In this blog, we discuss the merits of dimensional data modeling in the modern data stack given technology advancements in recent years. We dive into how to think about dimensional data modeling in context of defining requirements for analytics specifically.

Technology in the data and analytics industry has taken giant leaps forward, leading many organizations to question if the old ways of working are still valid. Historically, dimensional data modeling was accepted as one of the best standards to present data for business user consumption in data warehouses.

The (re)rise of the data warehouse as a central concept in modern cloud data platform technologies has led to the important question: Is dimensional data modeling still relevant in the modern data stack?

Yes—specifically for defining requirements and creating a modular solution presenting data for analytics.

Before we dive into the nuances and the question of dimensional data modeling specifically, I think it is valuable to consider the broader context of data modeling generally. In my experience, the definition and purpose of data modeling are often misunderstood by data and analytics professionals.

What is Data Modeling and How is it Related to Analytics?

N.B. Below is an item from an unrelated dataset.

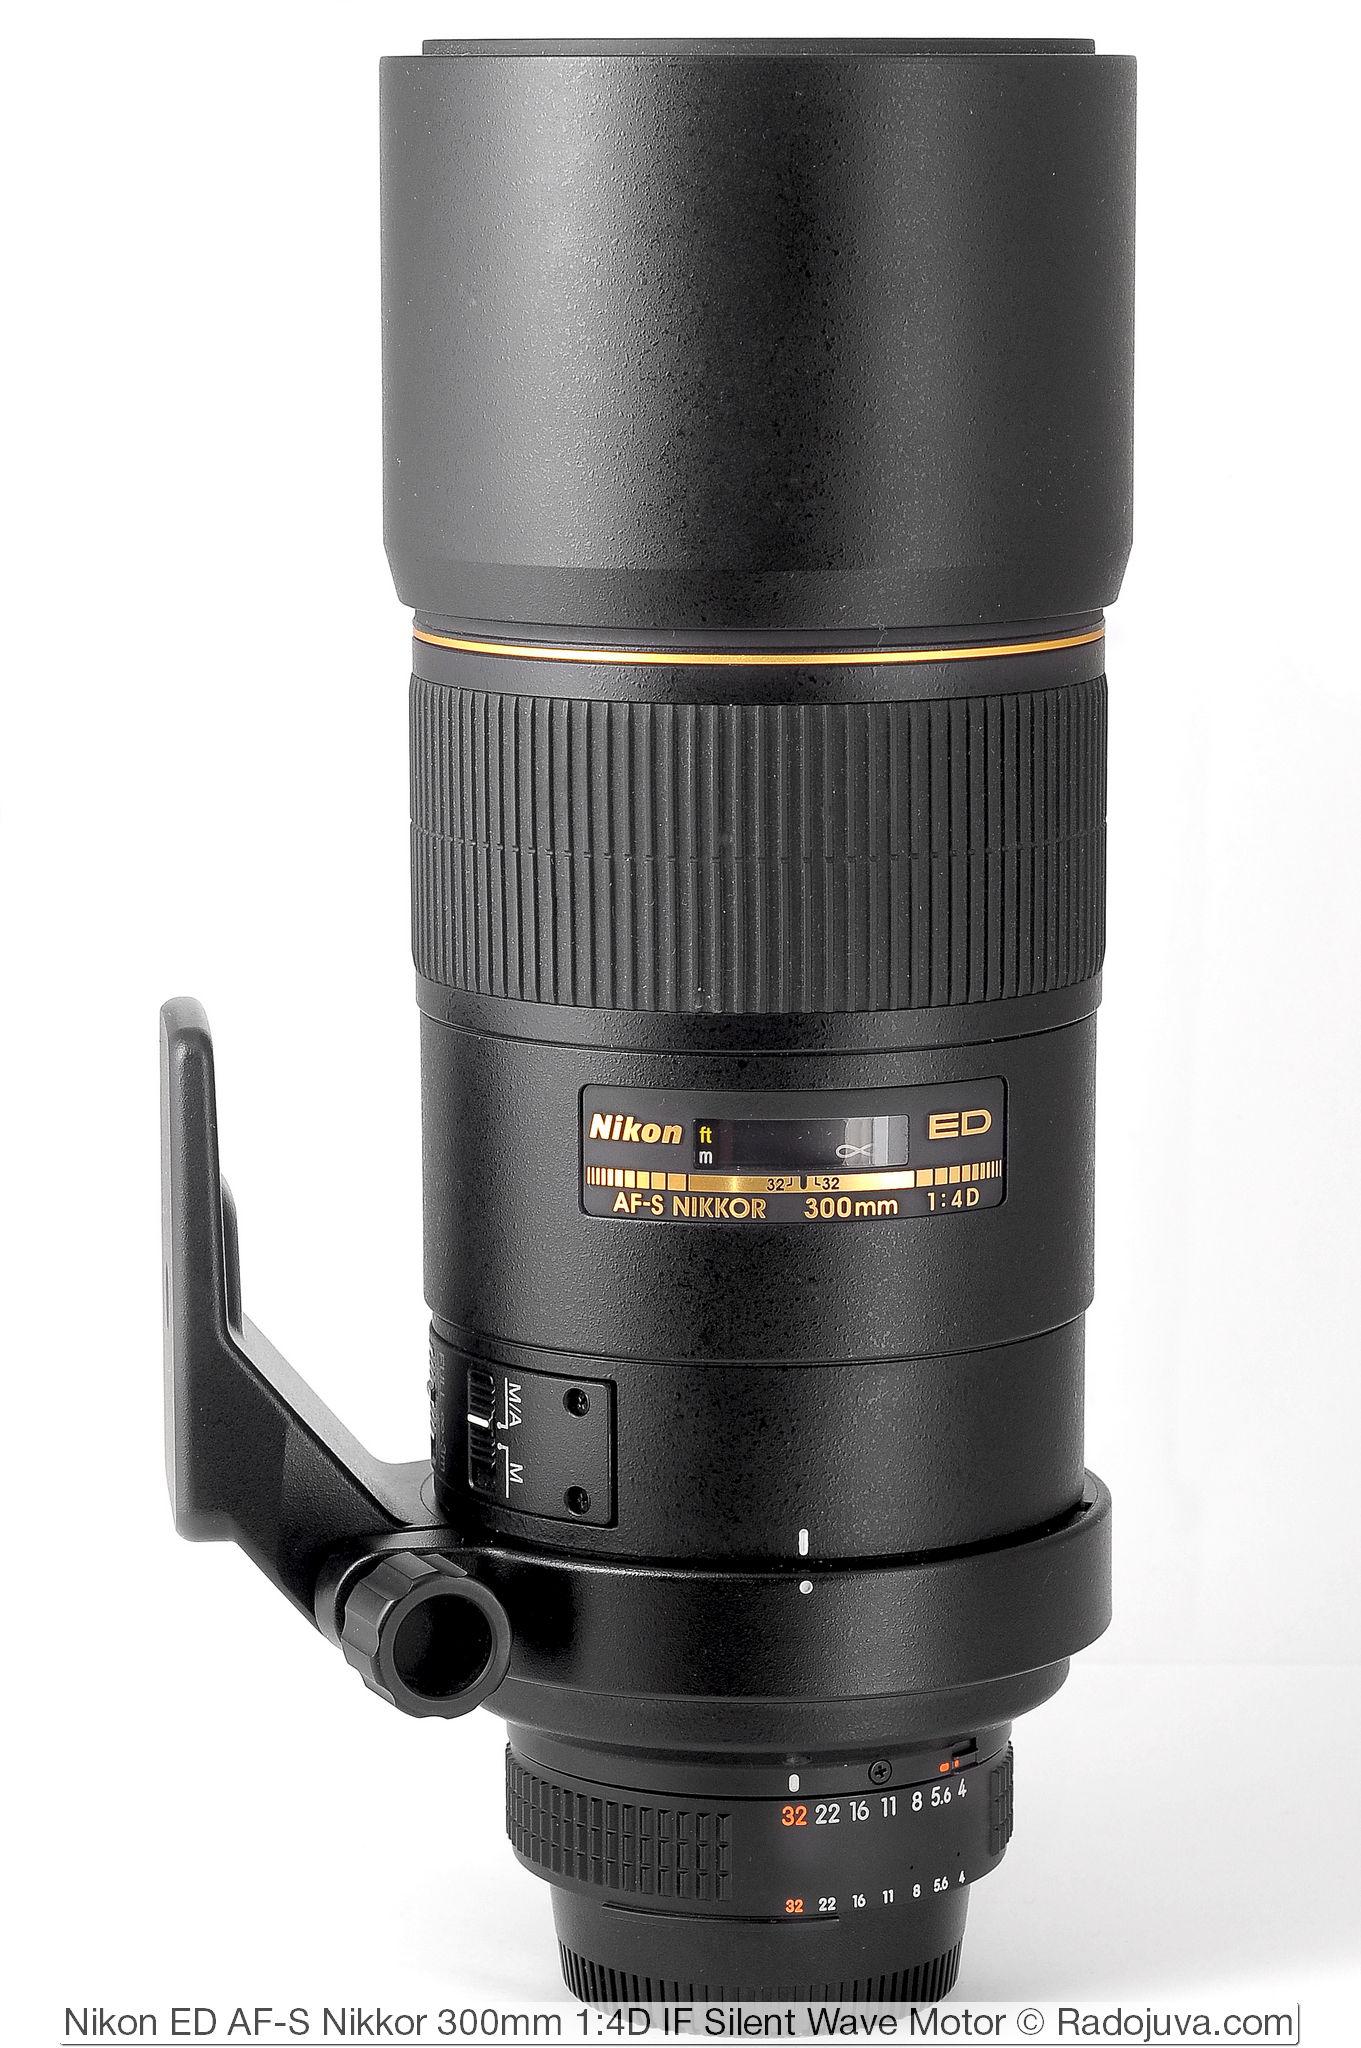 Nikon ED AF-S Nikkor 300mm 1:4D IF Silent Wave Motor

Data modeling is a discipline that is widely applicable to any intersection of people, data, and technology. It is a well-defined approach to gain agreement of business needs, to understand requirements, to establish a business solution, and to create a technical design artifact.

Without modeling data, you create risk in technical projects by allowing for unchecked assumptions to creep into your technical designs. This can lead to incredibly costly mistakes and failed implementations—especially for (but not limited to) analytics projects.

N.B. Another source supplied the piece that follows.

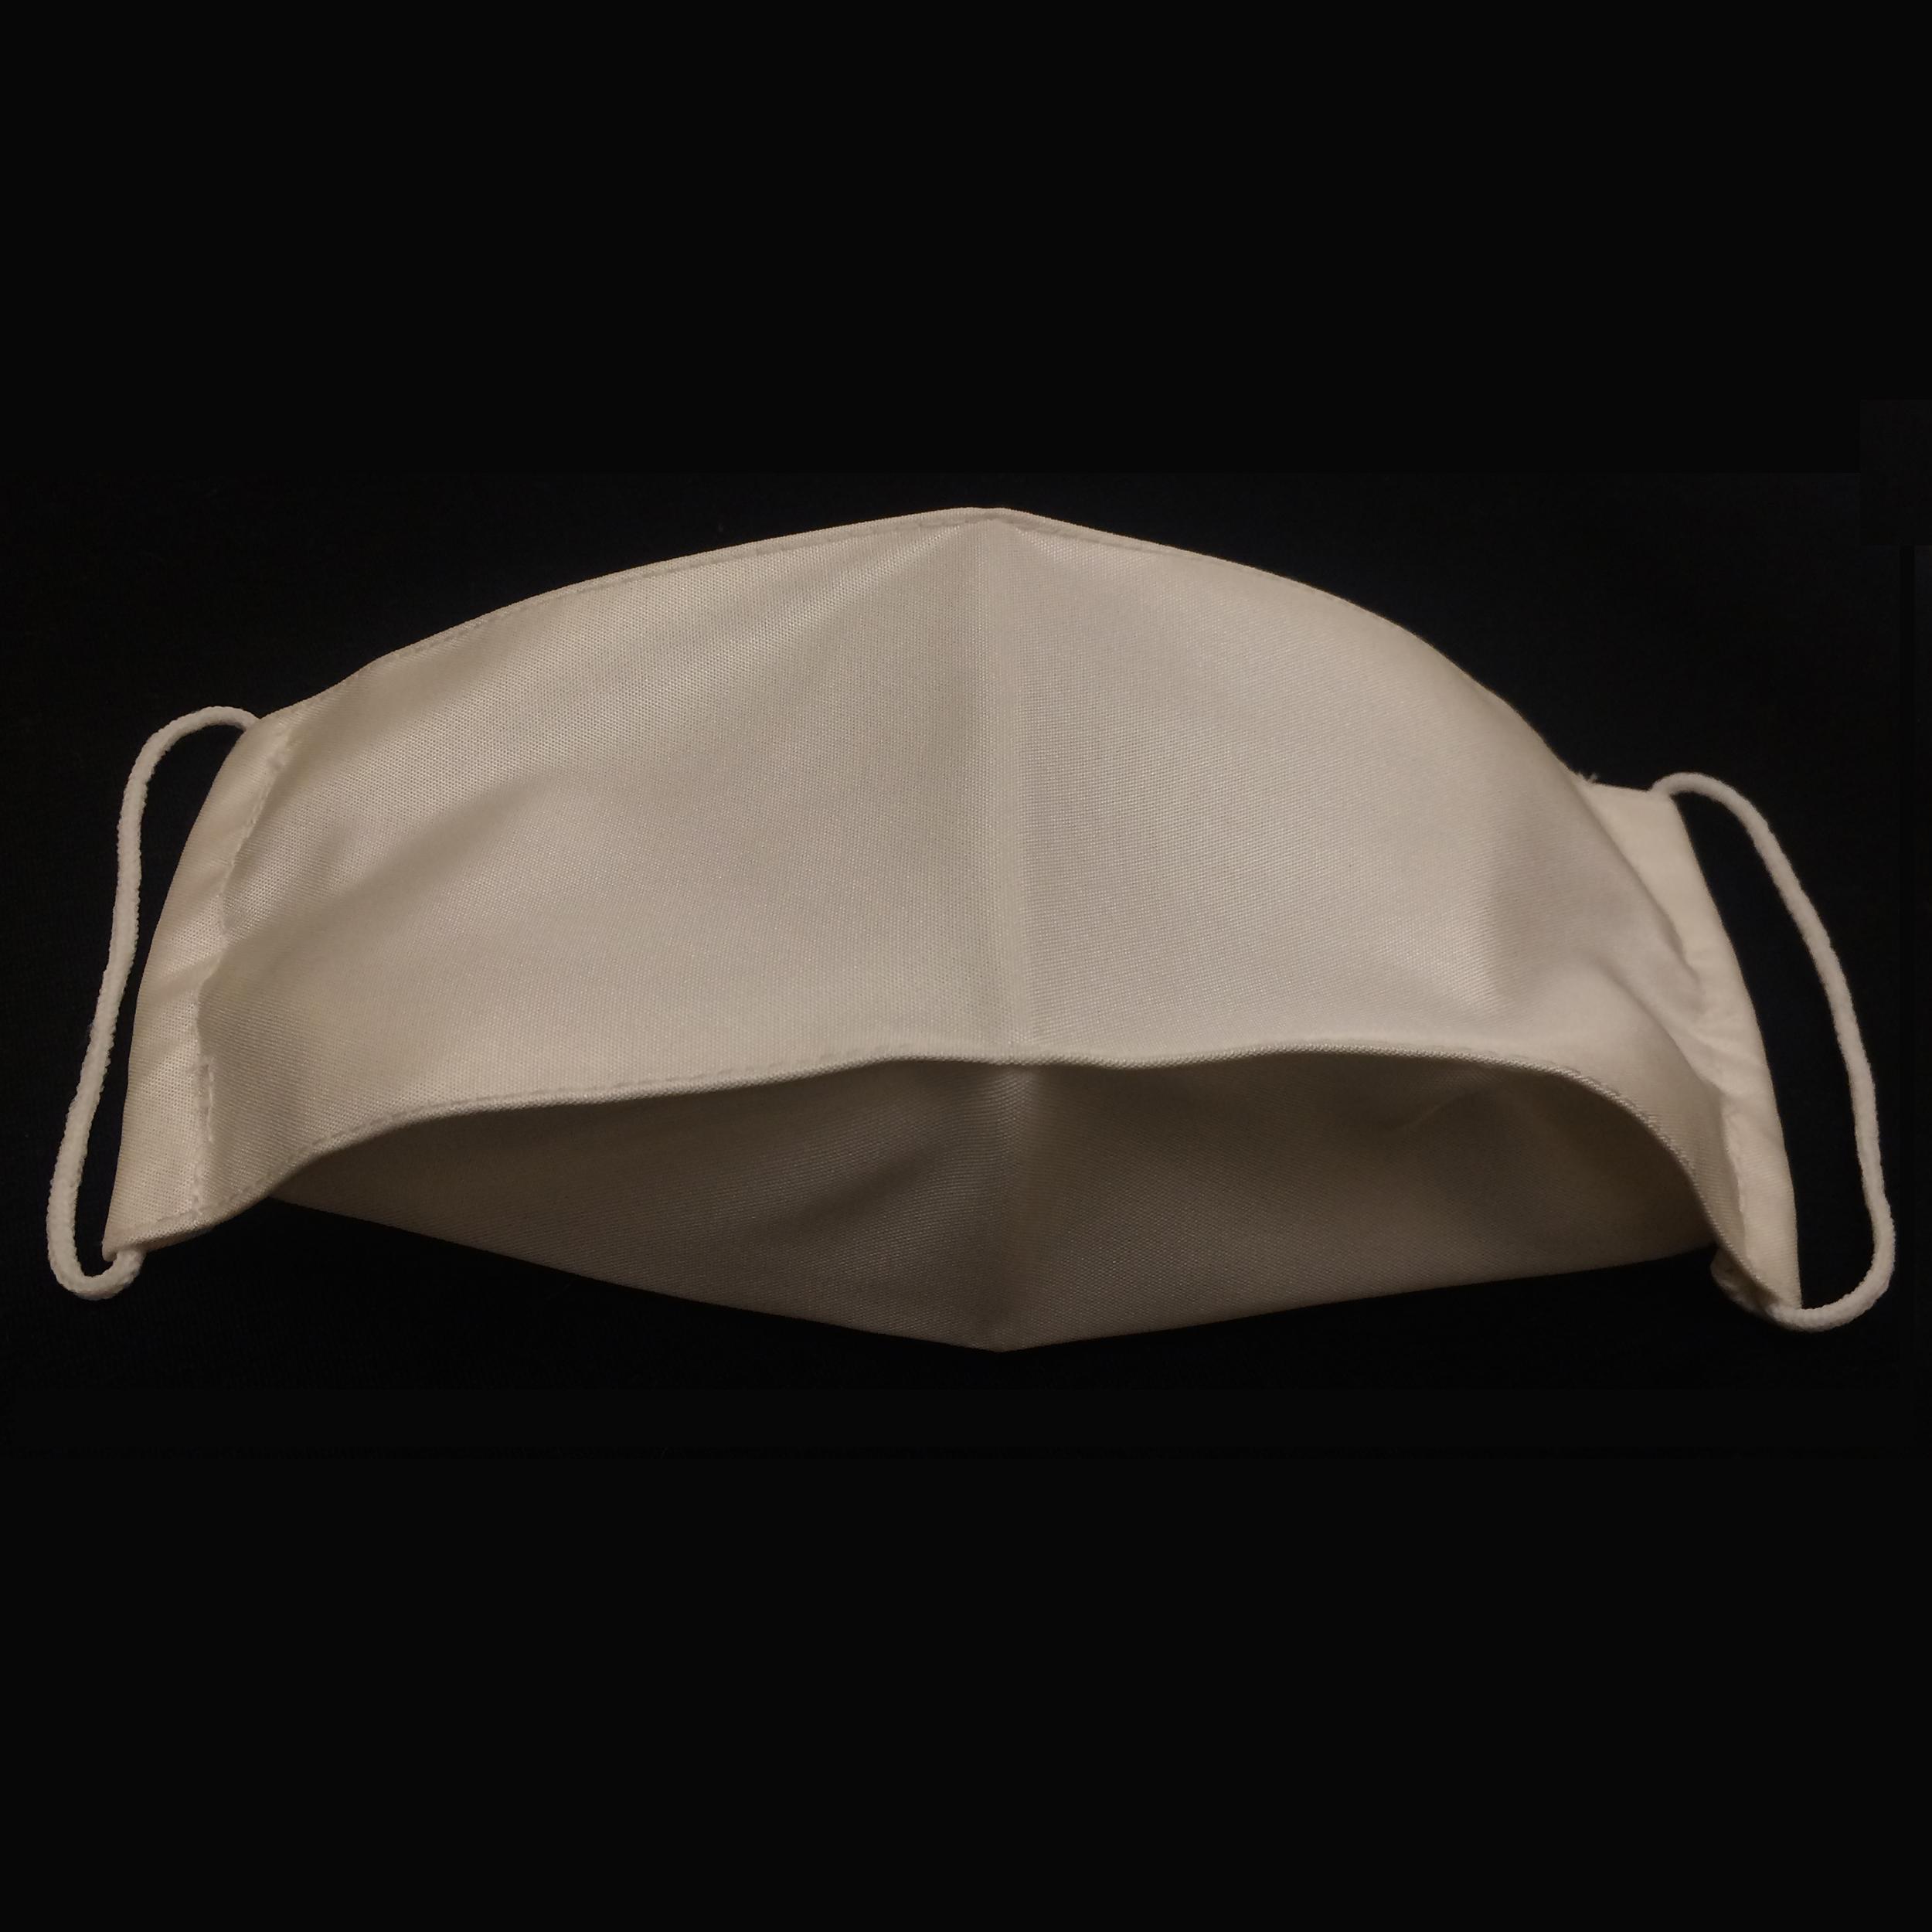 ماسک تزیینی کد AK002

Although data models are often thought of as purely technical design artifacts, that is not their primary purpose.

A data model is primarily a communication and consensus building tool—a way to explain information, gain agreement, and mitigate risk from unchecked assumptions.

The Categories of Data Modeling: From Conceptual to Dimensional

In his book, Data Modeling Made Simple, Steve Hoberman helpfully describes data models as “wayfinding tools designed with the single purpose of simplifying complex information in our real world”, working to build consensus from people with different backgrounds, experiences, and perspectives.

Hoberman describes data models in three different general categories—conceptual, logical, and physical.

  • A conceptual data model represents business need within a defined scope.
  • A logical data model represents the business solution.
  • A physical data model represents the technical solution.

There is great value in starting any analytics-related project by creating conceptual models as you gather requirements and delve into business rules, especially since these models define the needs of the business within a defined scope. Conceptual data modeling allows you to tease out nuances and bring forth diverse perspectives to have a more complete understanding of how the business works to avoid major gotchas down the road caused by misunderstandings and missing requirements.

With a conceptual data model in-hand, the next step for an analytics project is to translate it into a dimensional data model.

Join the conversation on LinkedIn: The most common mistakes around data modeling

What is Dimensional Data Modeling?

In 1996, Ralph Kimball broadly introduced the concept of dimensional data modeling to the world. Over the next twenty years, organizations of all sizes adopted dimensional modeling as the way to present data in a data warehouse for business user consumption via reports and dashboards aimed at supporting decision making.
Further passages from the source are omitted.